Both attacks used EternalBlue – an NSA linked exploit leaked earlier in the year by a group calling themselves the Shadow Brokers – to propagate globally.
Vulnerabilities exist everywhere often unknown to their victims. When WannaCry hit however, a patch for that vulnerability had already been released nearly three months before the attacks. The hundreds of thousands of endpoints seized by WannaCry would likely not have suffered the same fate if they had only installed that patch.
This made it all the more shocking when NotPetya hit the next month, using the same exploit to attack millions of endpoints.
This kind of patch aversion is still with us. Research from Kollective, surveying 260 head of IT on both sides of the Atlantic found that it took nearly half of respondents a month to install new patches. Given that it’s not called a zero-month, this is far less than satisfactory.
Furthermore, EternalBlue still works. According to Juniper Networks there are still 2.3 million devices globally that are still using SMBv1, the insecure network protocol through which EternalBlue could propagate.
One of the least noted, but more notable aspects of WannaCry’s assault on the NHS was its attack on 70,000 connected medical devices. Blood refrigeration units, MRI scanners and surgical theatre equipment were all caught in WannaCry’s grip, deepening the NHS’ paralysis. NotPetya helped shut down the radiation monitoring systems around Chernobyl.
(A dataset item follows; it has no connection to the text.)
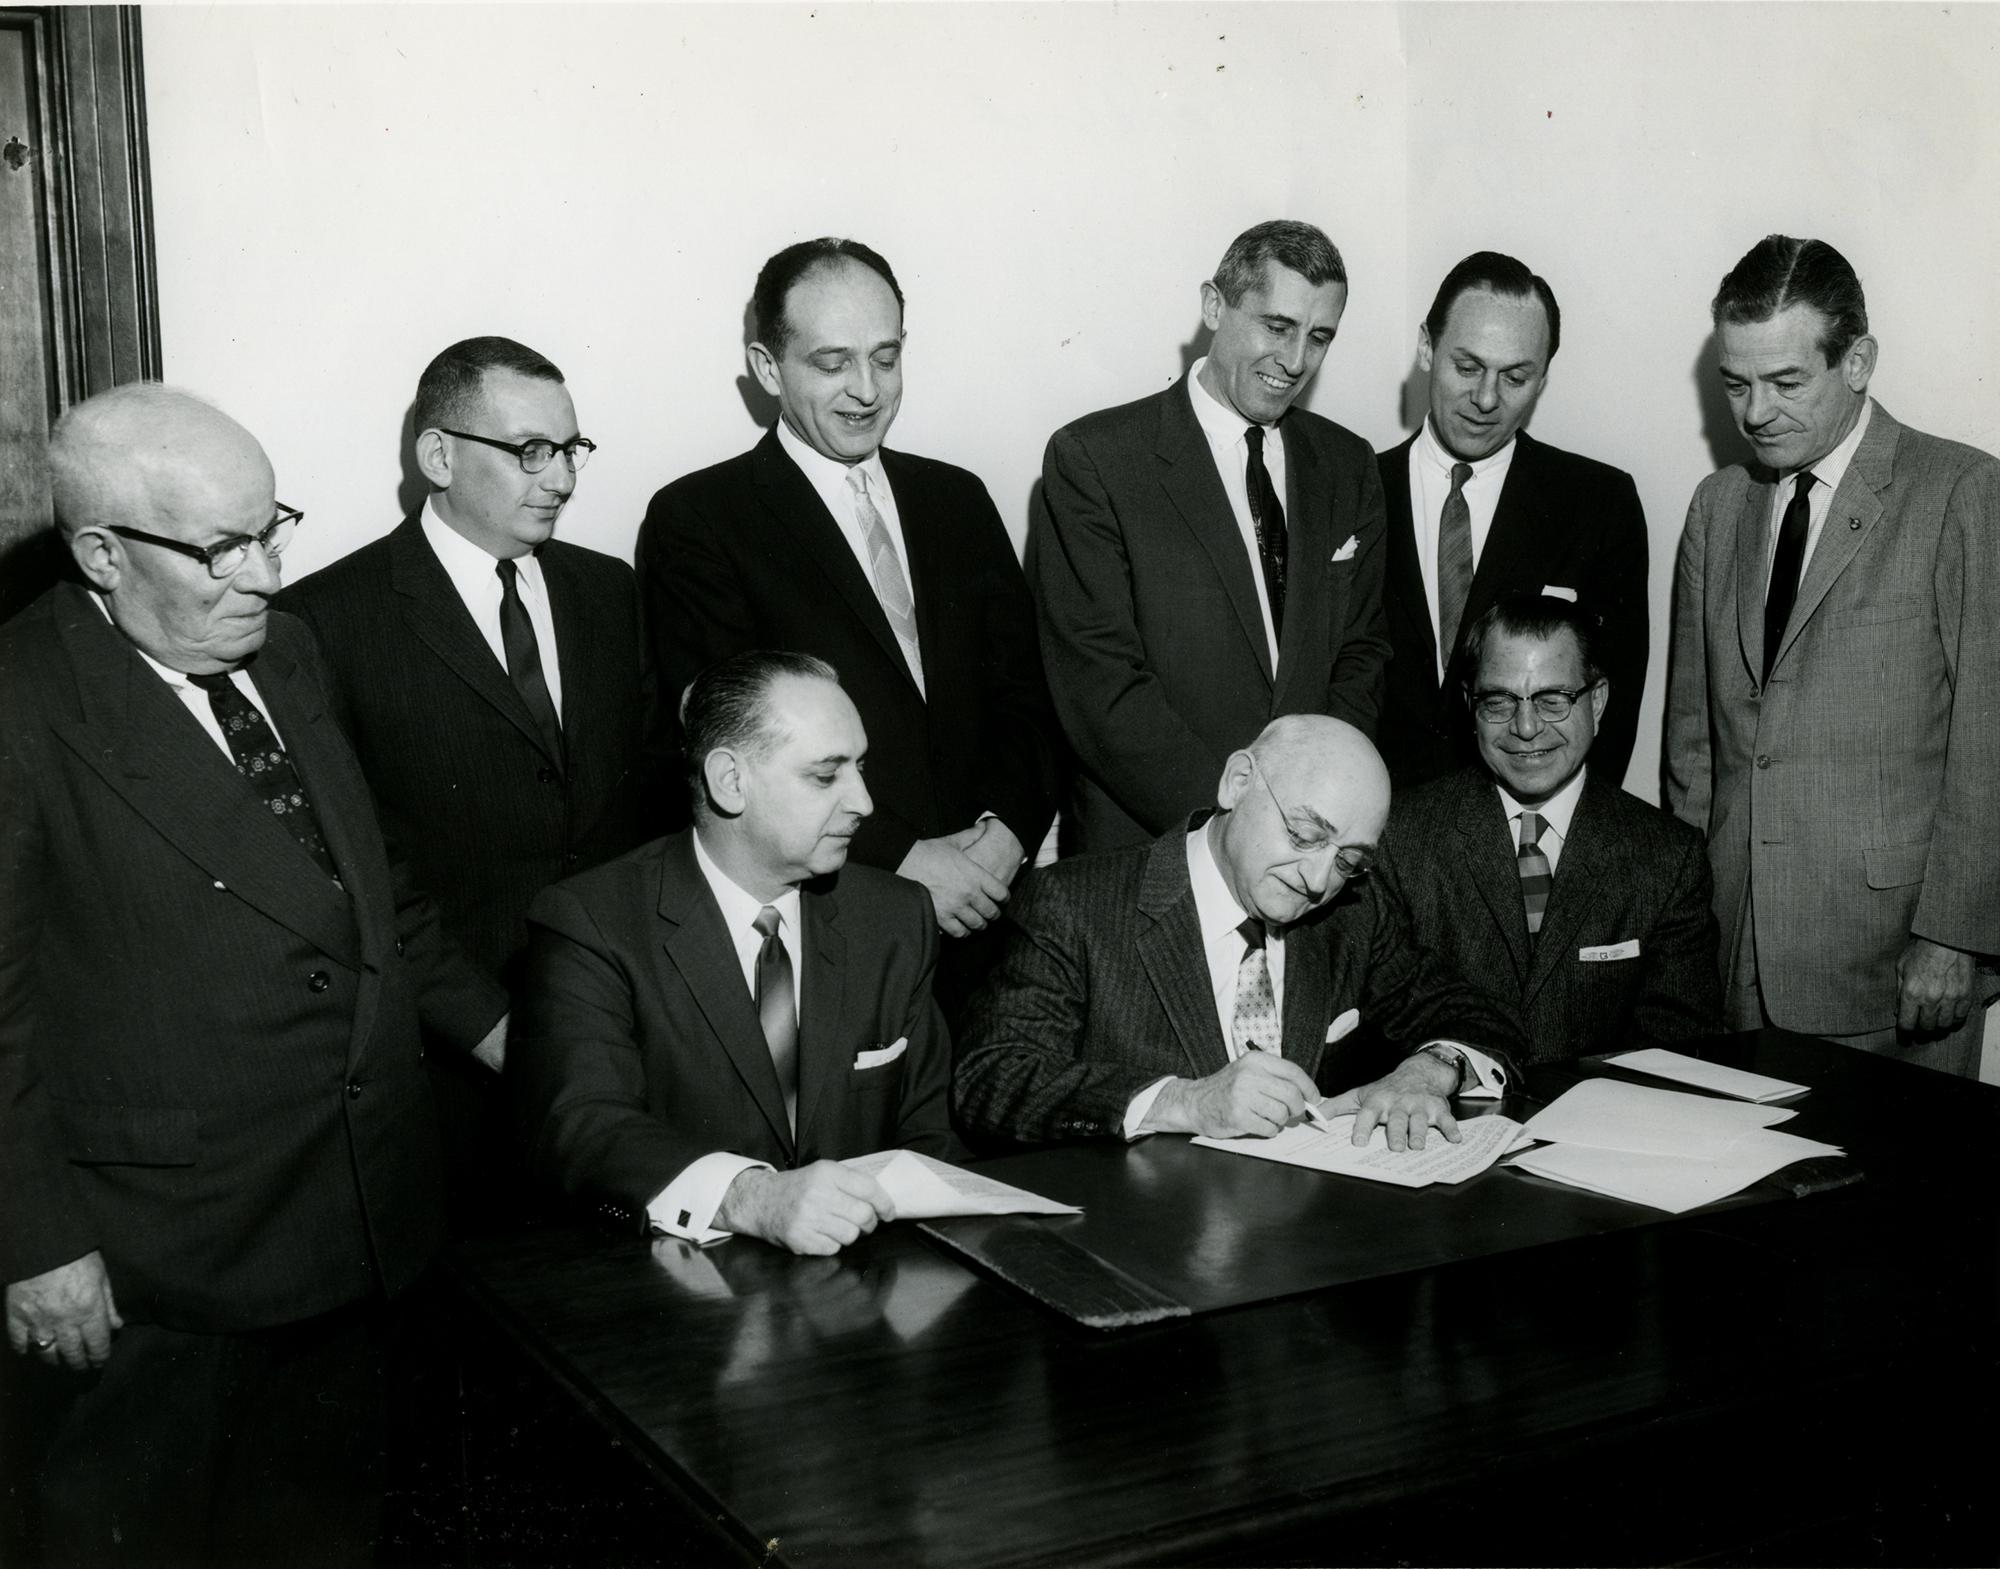 1959 image

IoT vulnerabilities persist everywhere at both the production and implementation level. A recent Trend Micro survey of 1,150 IT decision makers, showed that while 79% of companies involve their IT teams in IoT implementations, only 38% involve their security teams. Many enterprises are interested in making the IoT work; fewer are interested in making it work safely.
It doesn’t stop at the IoT, but our very understanding of what an endpoint is. In this age of technological advancement, unchecked innovation is widening global attack vectors and opening us up to new and greater security threats.
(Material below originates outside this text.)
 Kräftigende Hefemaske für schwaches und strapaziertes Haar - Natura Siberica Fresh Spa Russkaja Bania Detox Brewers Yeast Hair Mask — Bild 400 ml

That said, the vast majority of systems impacted in the fallout were endpoints, which remain the most likely vector for a successful attack. We need to stop thinking of the devices on our network as different, separate classes.
The artificial barriers between servers, workstations, infrastructure, IoT and more make us address each differently in our security approach. While we should never consider locking down workstation access to the level we would our most precious servers, we equally cannot ignore them.
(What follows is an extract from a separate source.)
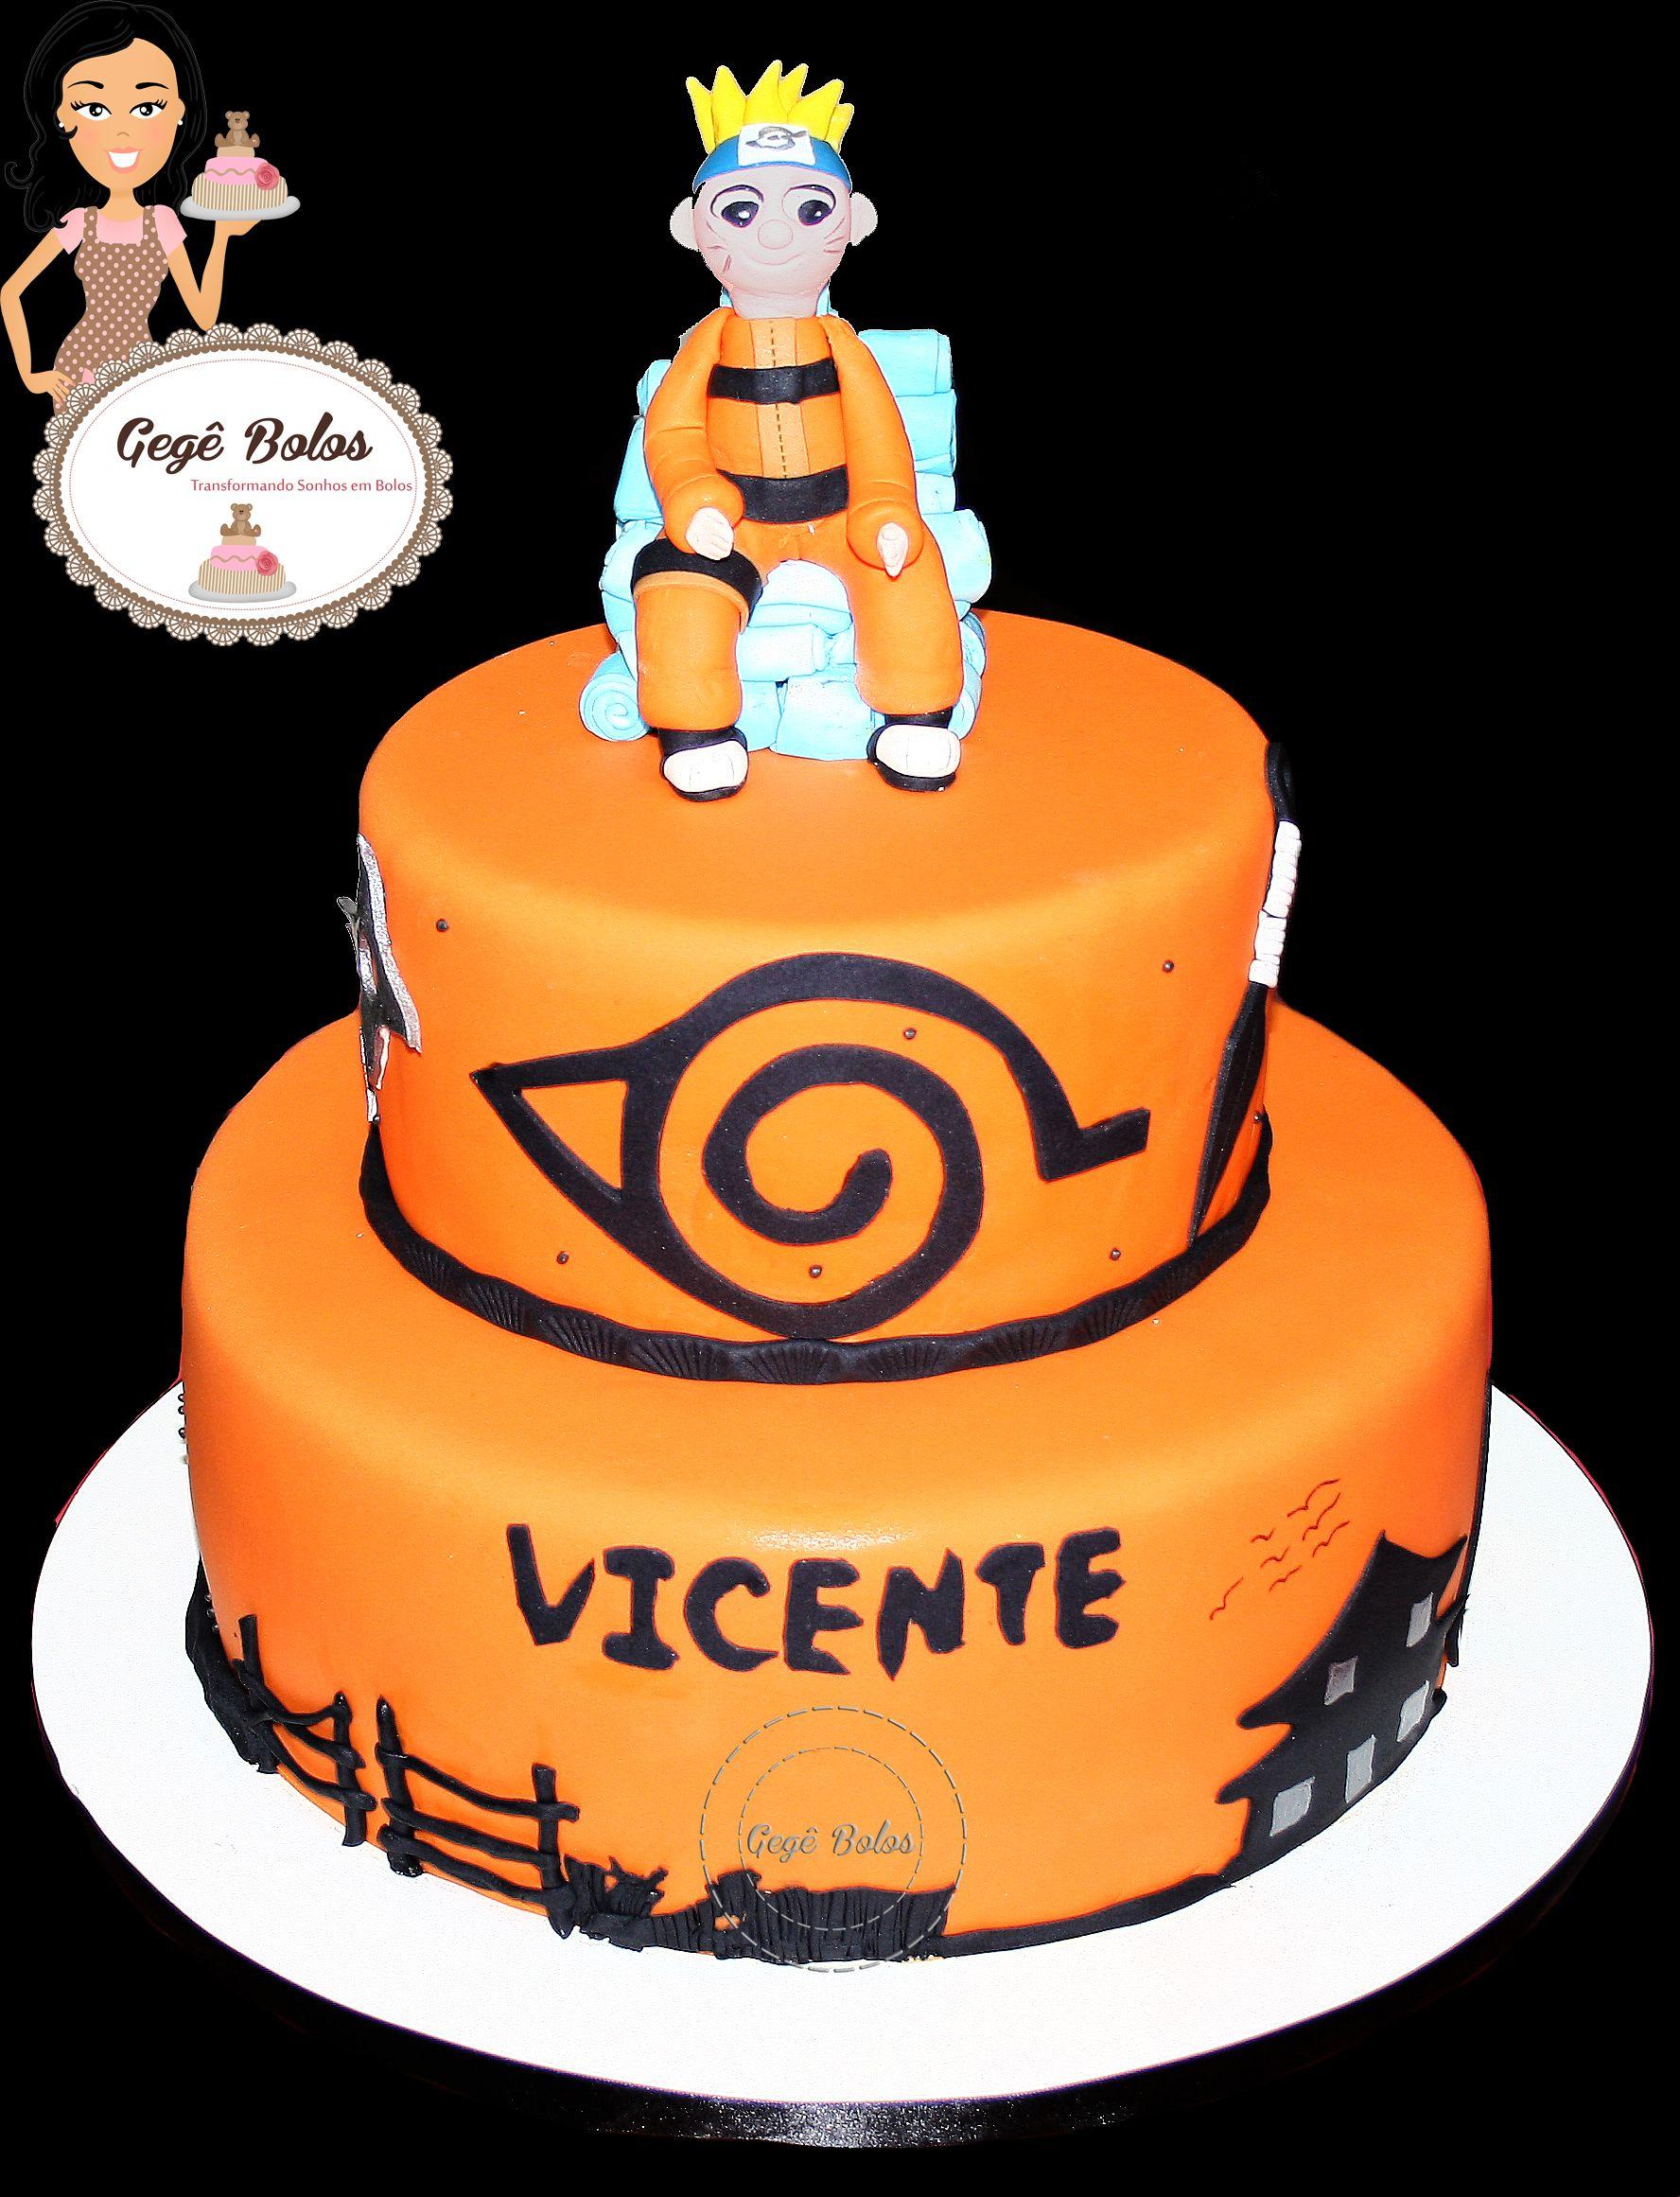 Bolo naruto cake cake designs desserts

IoT may look innocuous but any device on your network could provide a foothold for a most considered attack on other systems. When considering your cybersecurity approach, the Internet of Everything should be the scope of operation. No more, no less.
When WannaCry and NotPetya hit, no one had yet witnessed attacks as far reaching or effective. What was most striking was how easily even powerful international organisations fell in their wake. Most concerning, however, is that most of those impacted were simply collateral damage; the impact of a targeted attack doesn’t bear thinking about.
Many have learnt the lessons of those two months while others seem to have shorter memories. It may take at least one more global reminder, to get everyone up to speed.